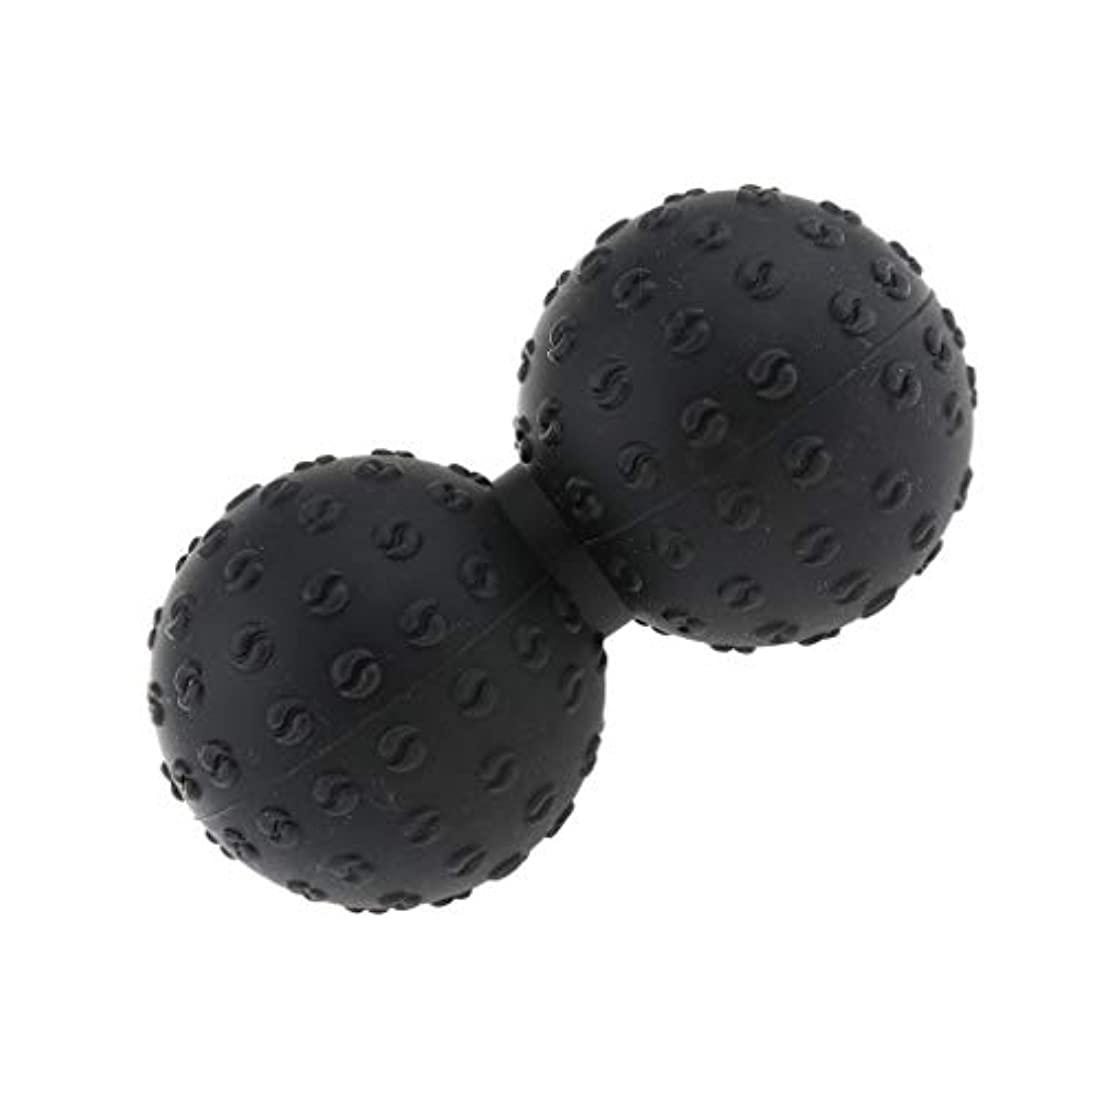 お願いします薬を飲む協力マッサージボール 指圧ボール シリコン ピーナッツ トリガーポイント 肩、足、腕など 解消 全6色 - ブラック, 説明のとおり
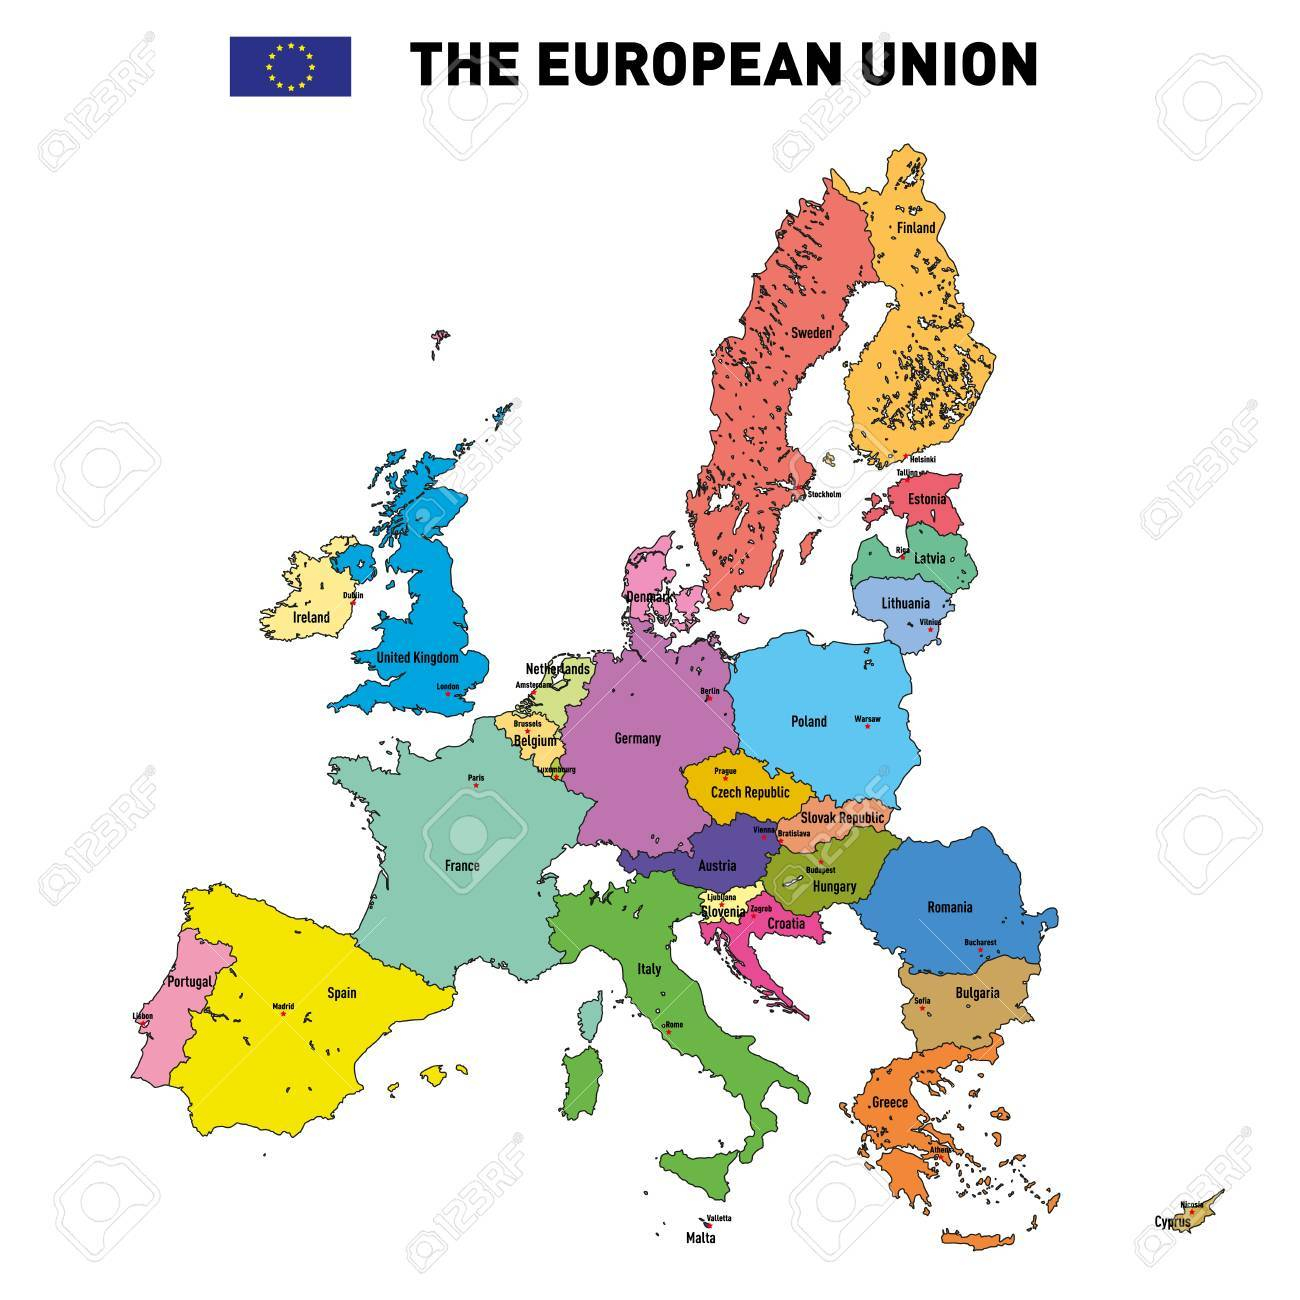 Vector Très Détaillée Carte Politique De L'union Européenne Avec Des  Drapeaux Et Capitales. Tous Les Éléments Sont Séparés Dans Des Couches concernant Les Capitales De L Union Européenne
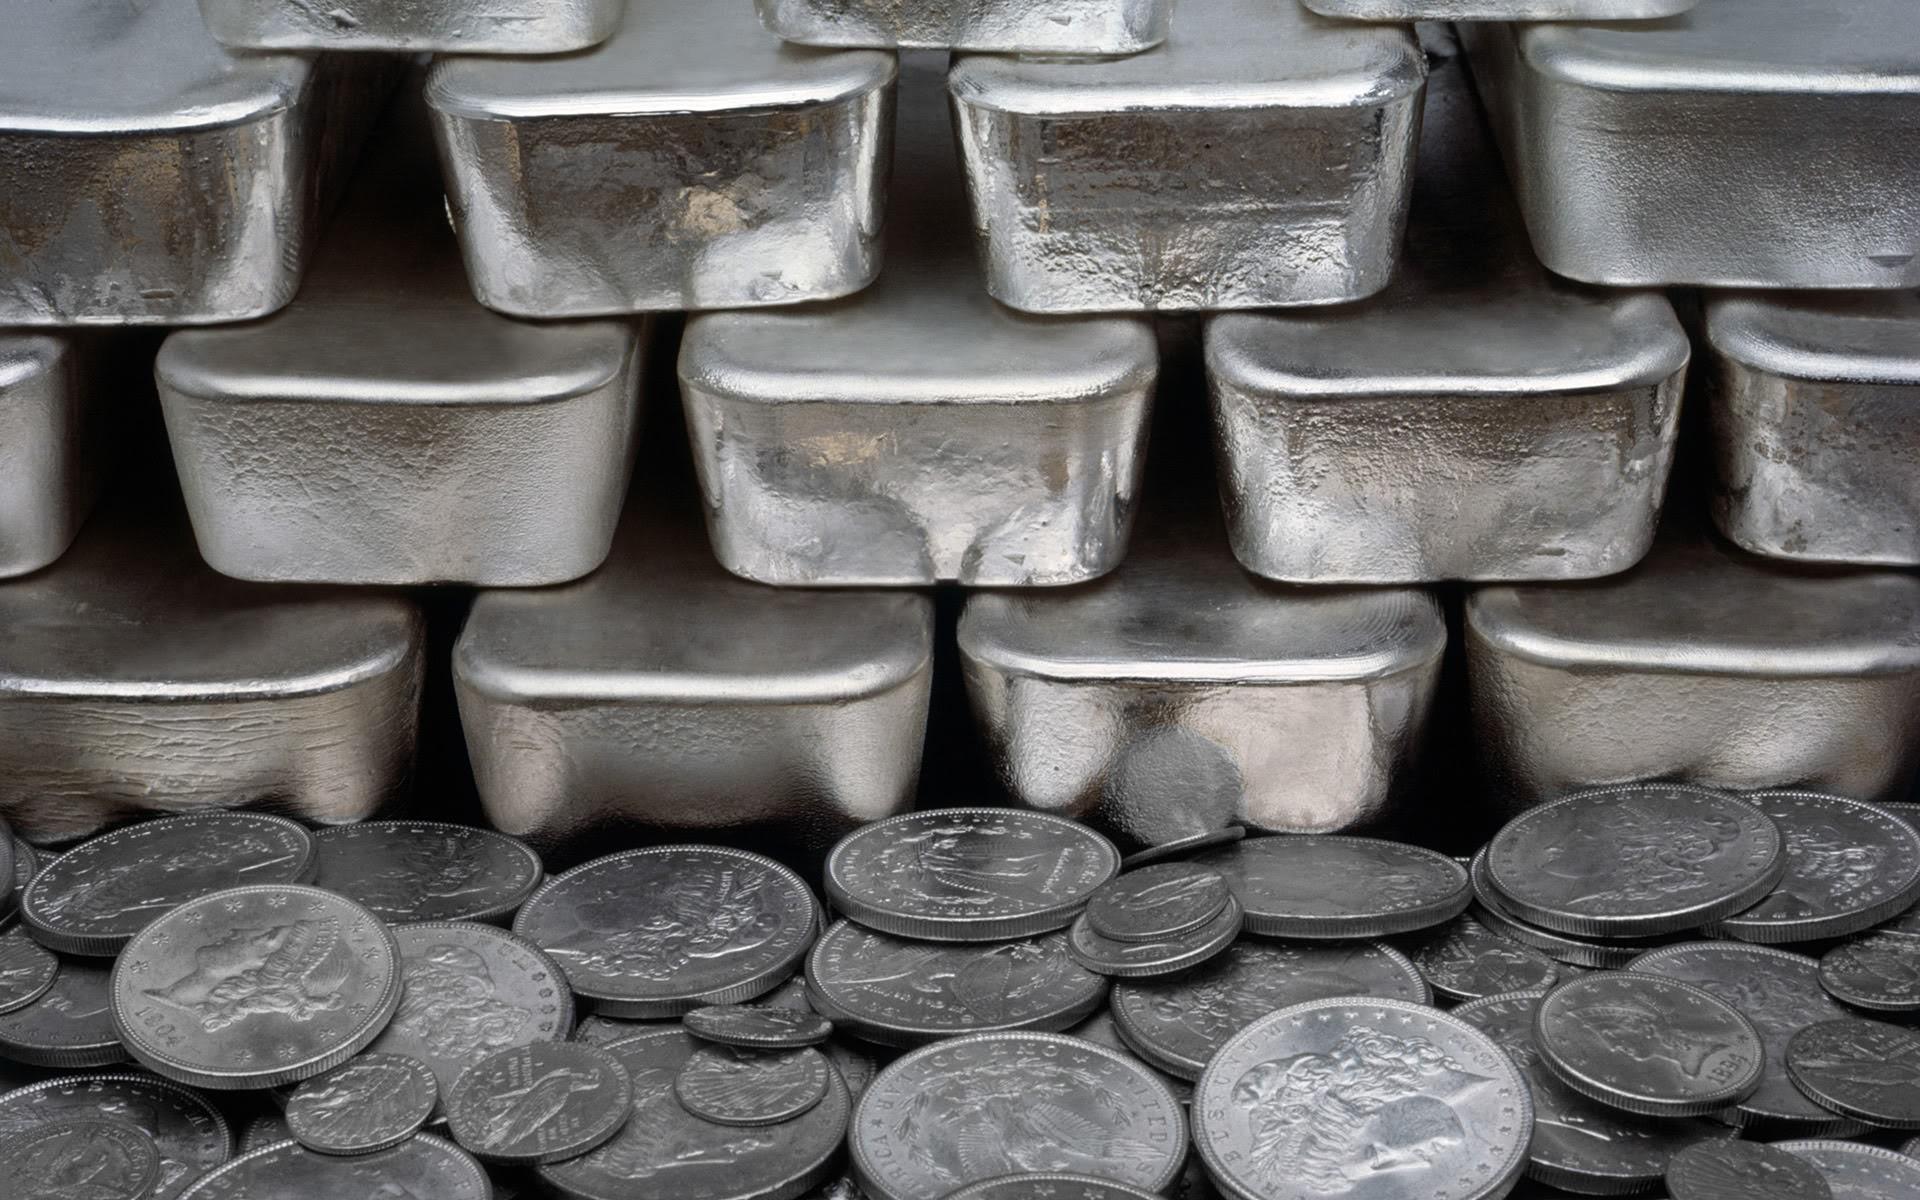 Tavaly olcsó maradt az ezüst, az idén drágulhat

--- --- ---

**Activity**
Could you return the listing above exactly, minus its pictures?

**Task result**
 お願いします薬を飲む協力マッサージボール 指圧ボール シリコン ピーナッツ トリガーポイント 肩、足、腕など 解消 全6色 - ブラック, 説明のとおり
 Vector Très Détaillée Carte Politique De L'union Européenne Avec Des  Drapeaux Et Capitales. Tous Les Éléments Sont Séparés Dans Des Couches concernant Les Capitales De L Union Européenne
 Tavaly olcsó maradt az ezüst, az idén drágulhat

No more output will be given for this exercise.